Two men sprung forward, and with sharp knives cut their bonds.

“Now say yer prayers!” cried Mason. “Ye’ll soon be in Hades.”

The villain laughed again uproariously at his ghastly wit.

But Frank Reade, Jr., conceived of a daring plan at that moment. He whispered to the trapper:

“Bill, we have the use of our hands and feet. It is death anyway. Why not make a fight for it?”

“Kerect! I’m with ye!” replied the trapper. “What’s the move?”

“You dash to the right, and I’ll go to the left.”

“Ready!” yelled Mason. “One——”

He did not finish counting. With the rapidity of lightning the two prisoners leaped in opposite directions.

There was the report of a pistol held in Mason’s hand.

The bullet whistled by Frank Reade, Jr.’s, ear.

But the young inventor did not pause. He rushed madly into the arms of one of the guards.

Before the fellow could make resistance Frank had struck him a terrific blow in the stomach which stretched him out upon the ground.

Then he sped away across the plateau like a deer.

Rifle bullets followed him, and though his clothes were shot full of holes, miraculously he was not injured.

But Beaver Bill was having a decidedly harder time.

He had been clutched by several of the foe, and a lively struggle followed.

The trapper was the center of a struggling mass of the counterfeiters, but was making a valiant struggle, when a loud yell of alarm went up on the air.

Frank, in his flight across the plateau, suddenly heard a thrilling sound.

He turned his head and clear to his hearing came the shrill whistle of the Steam Horse.

“Barney and Pomp!” he gasped. “What has brought them here?”

Sure enough, across the plateau, at whirlwind speed, came the Steam Horse.

But directly behind the horse was a body of United States troops, with Captain Elmo at their head.

They came down at a swinging gallop upon the counterfeiter’s den.

Bert Mason with dismay had seen the whole affair.

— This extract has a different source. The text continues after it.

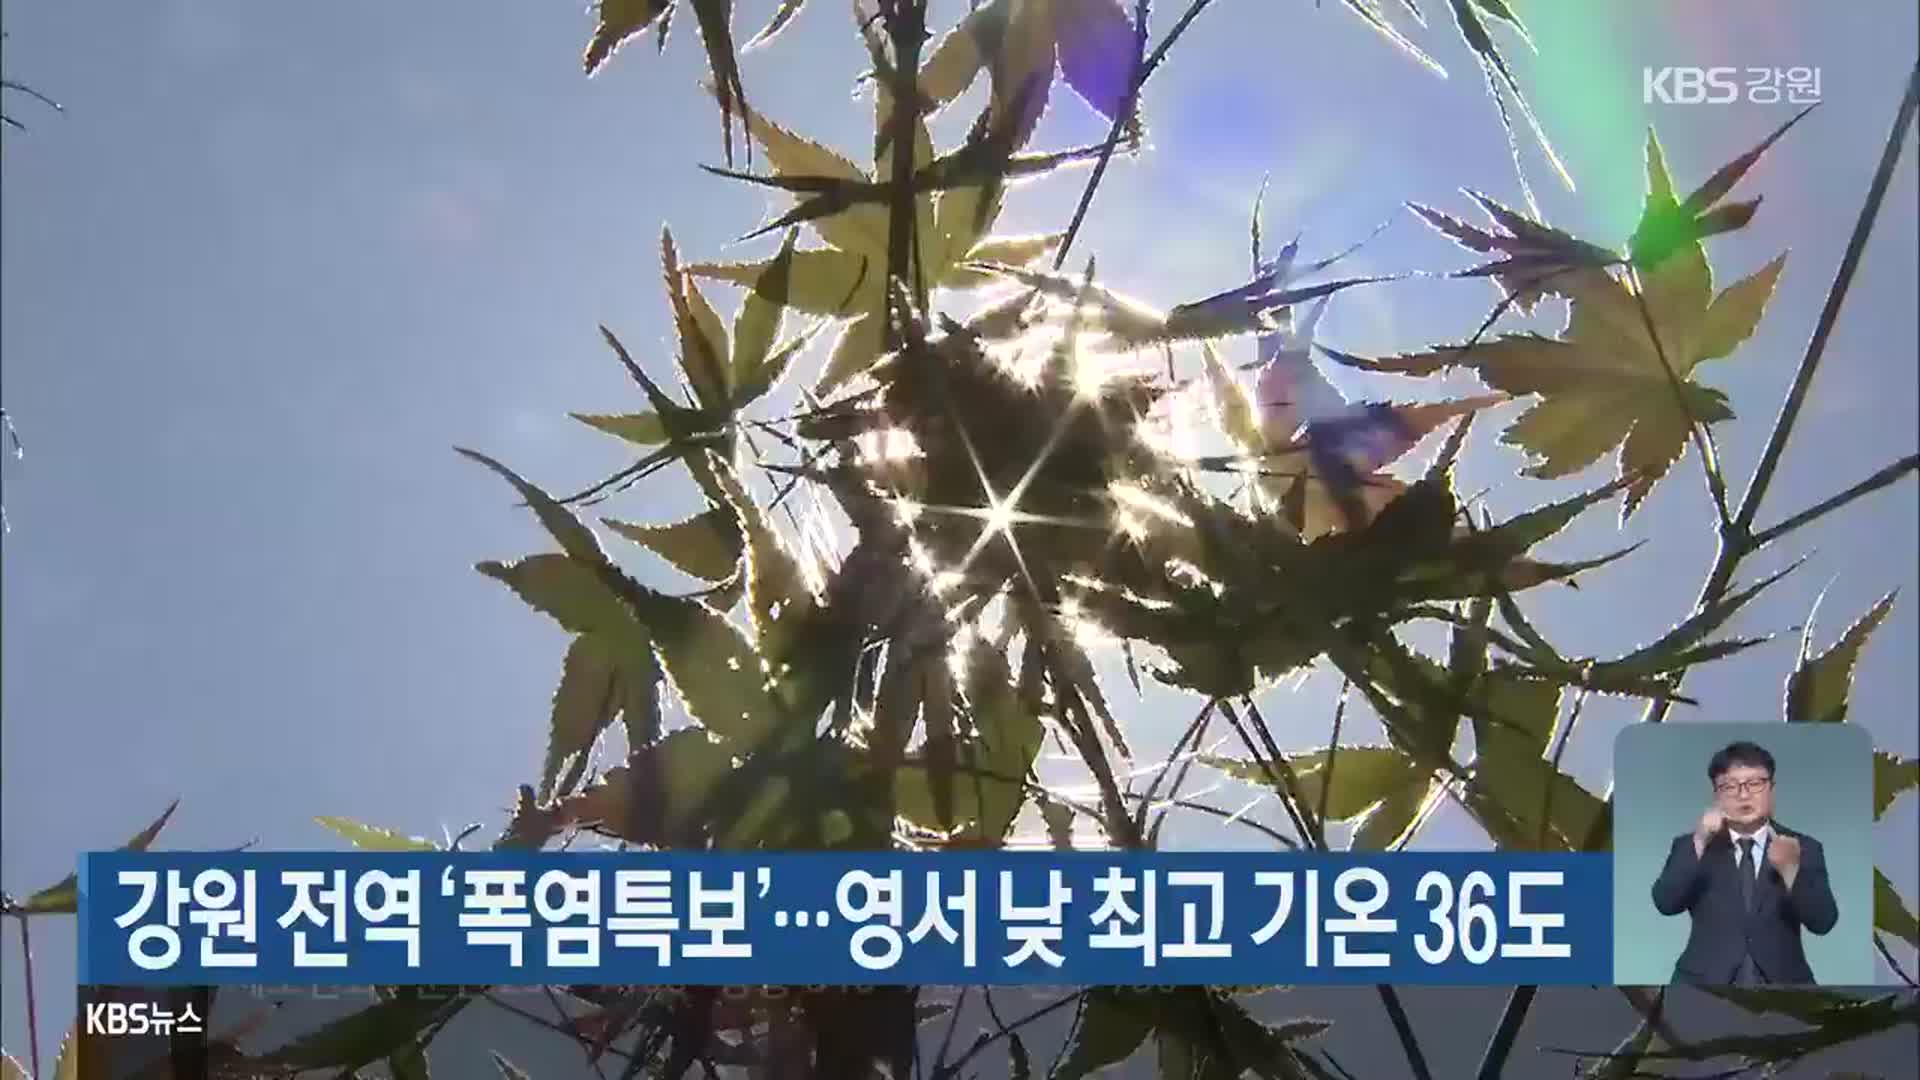 강원 전역 ‘폭염특보’…영서 낮 최고 기온 36도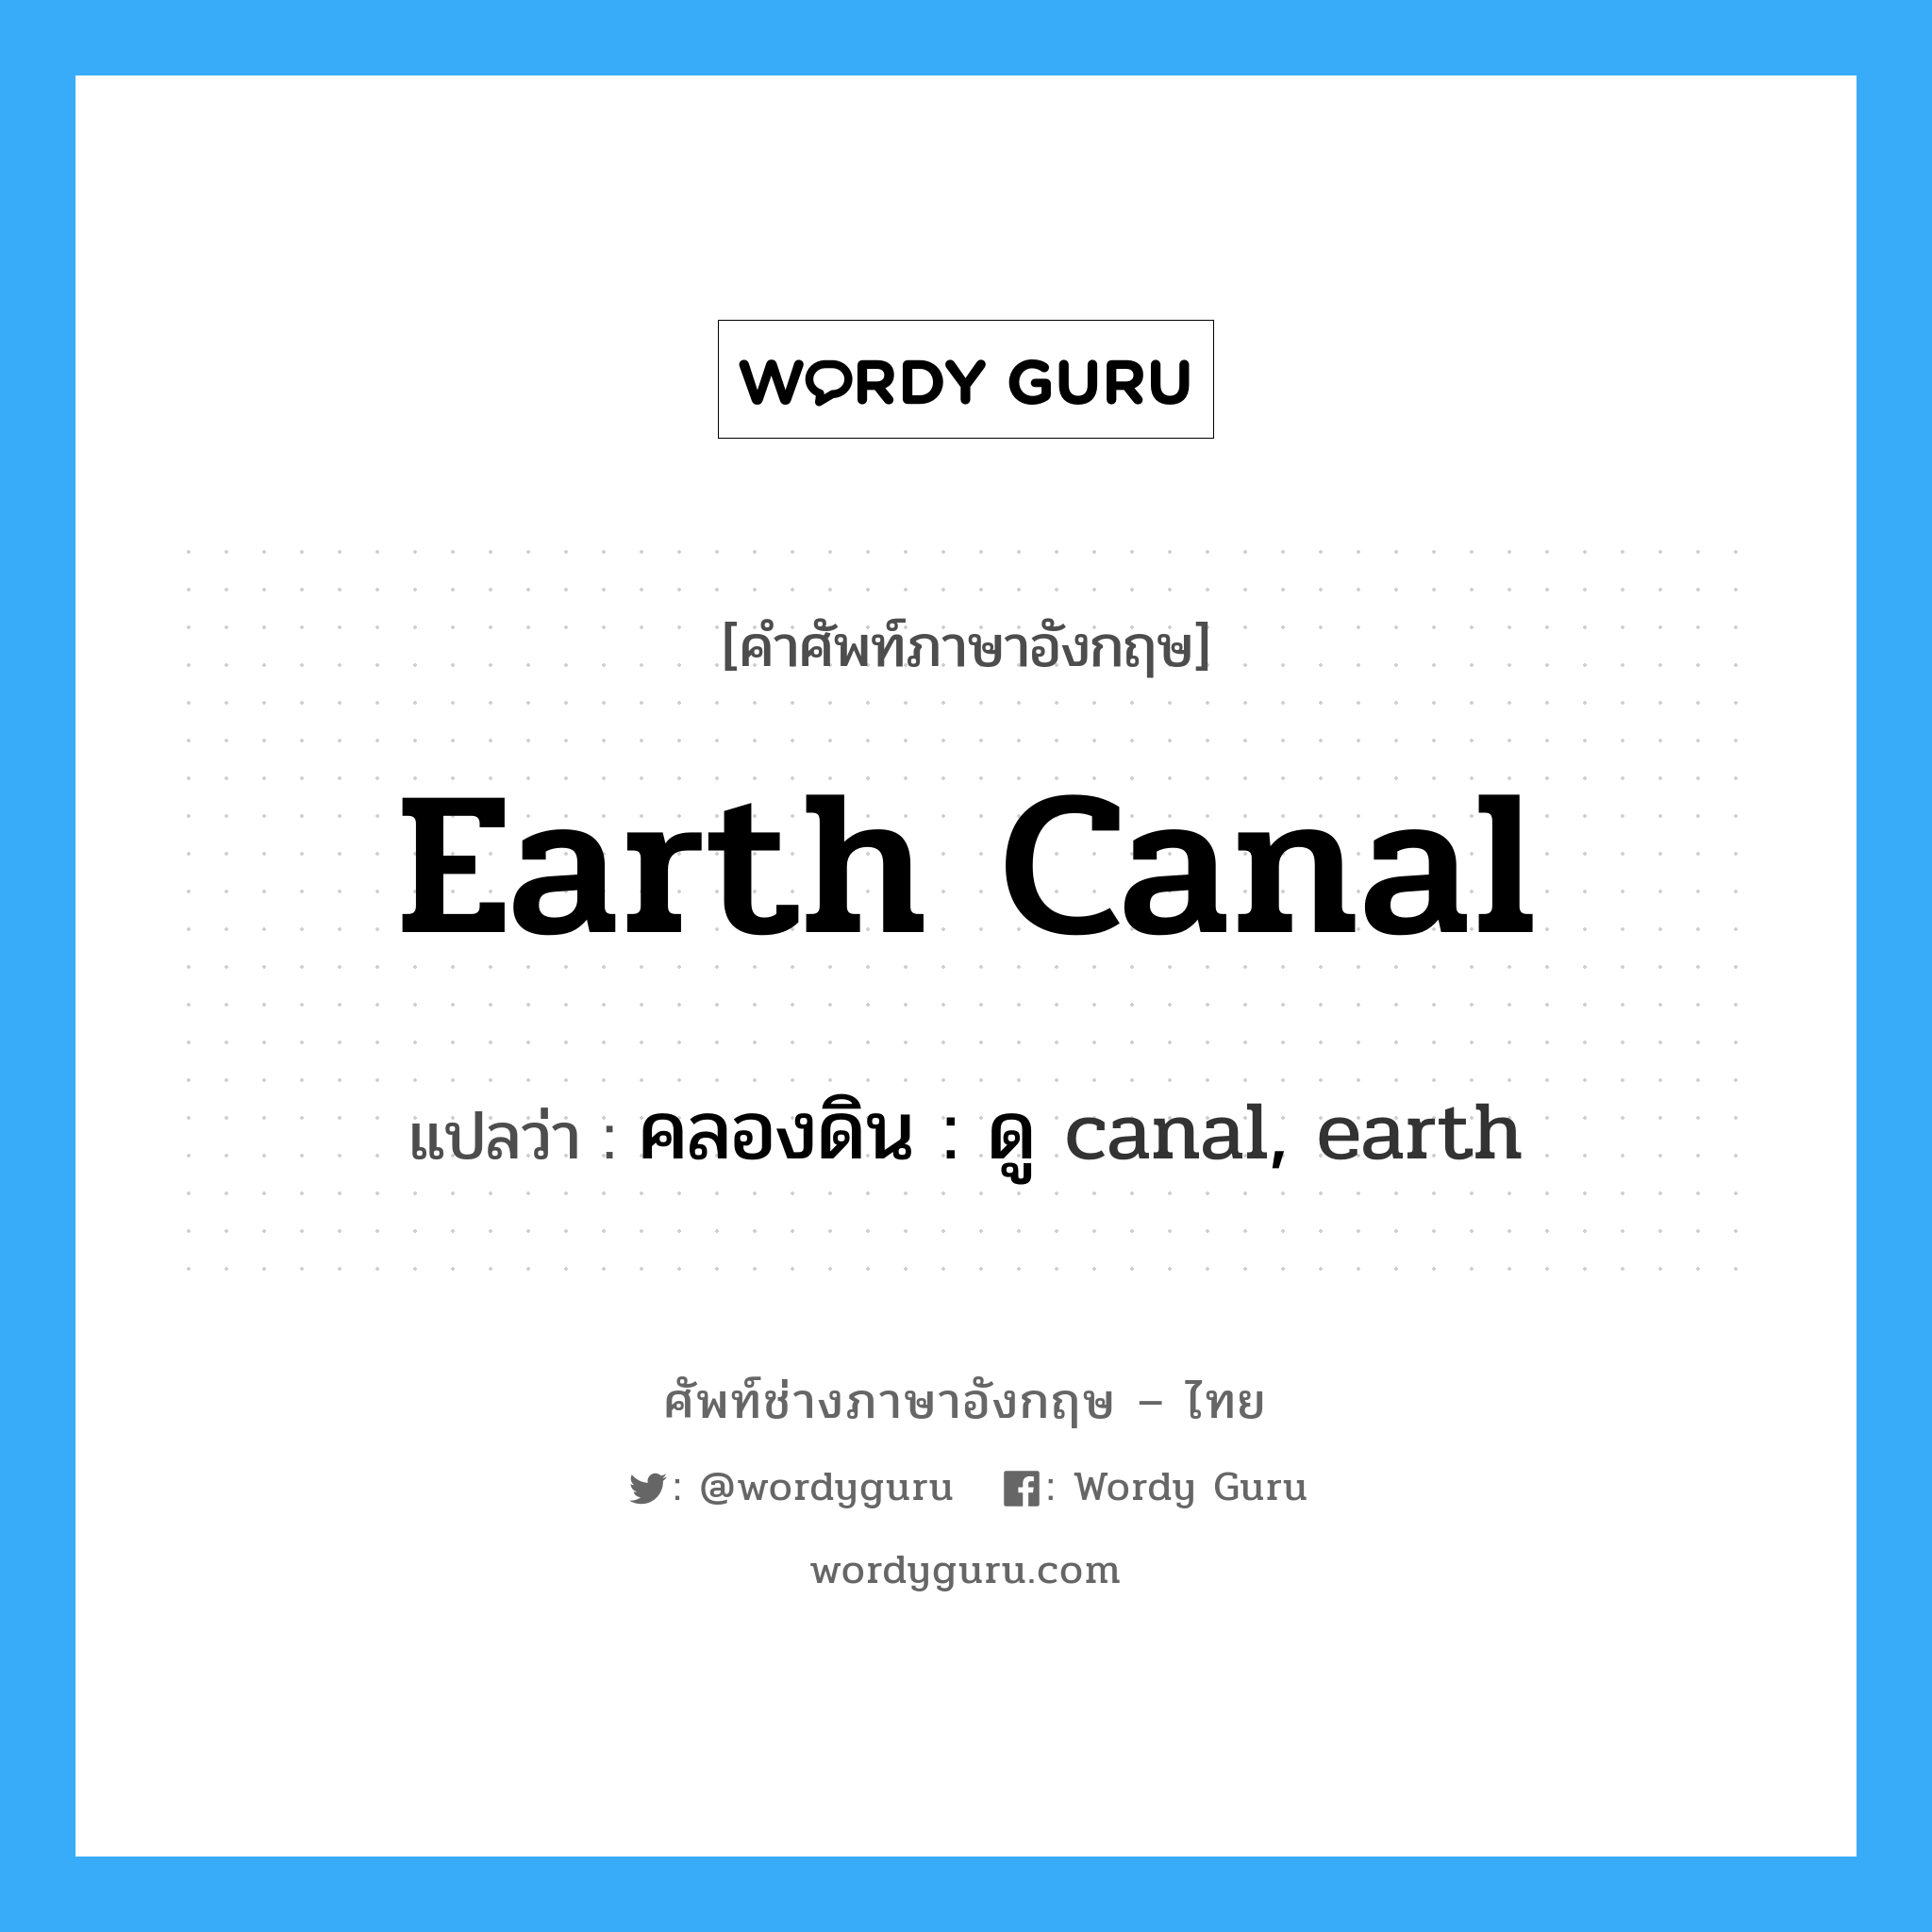 คลองดิน : ดู canal, earth ภาษาอังกฤษ?, คำศัพท์ช่างภาษาอังกฤษ - ไทย คลองดิน : ดู canal, earth คำศัพท์ภาษาอังกฤษ คลองดิน : ดู canal, earth แปลว่า earth canal

The villains gave a yell of terror and running to the edge of the plateau disappeared.

In a twinkling every one of the counterfeiters had disappeared in the same manner.

The trapper Beaver Bill was left standing alone in the middle of the plateau not in the least harmed.

“Wall, by thunder!” he cried. “What skeered them off that way?”

Then he chanced to look up and see the soldiers and the Steam Horse.

A yell of triumph went up from the excited trapper’s lips.

“Hooray!” he shouted, “that’s the stuff. We’re all hunky now, I swan!”

The next moment the two erstwhile prisoners were standing beside the Steam Horse, and talking with Barney and Pomp and Captain Elmo.

The rescuers had come just in the nick of time.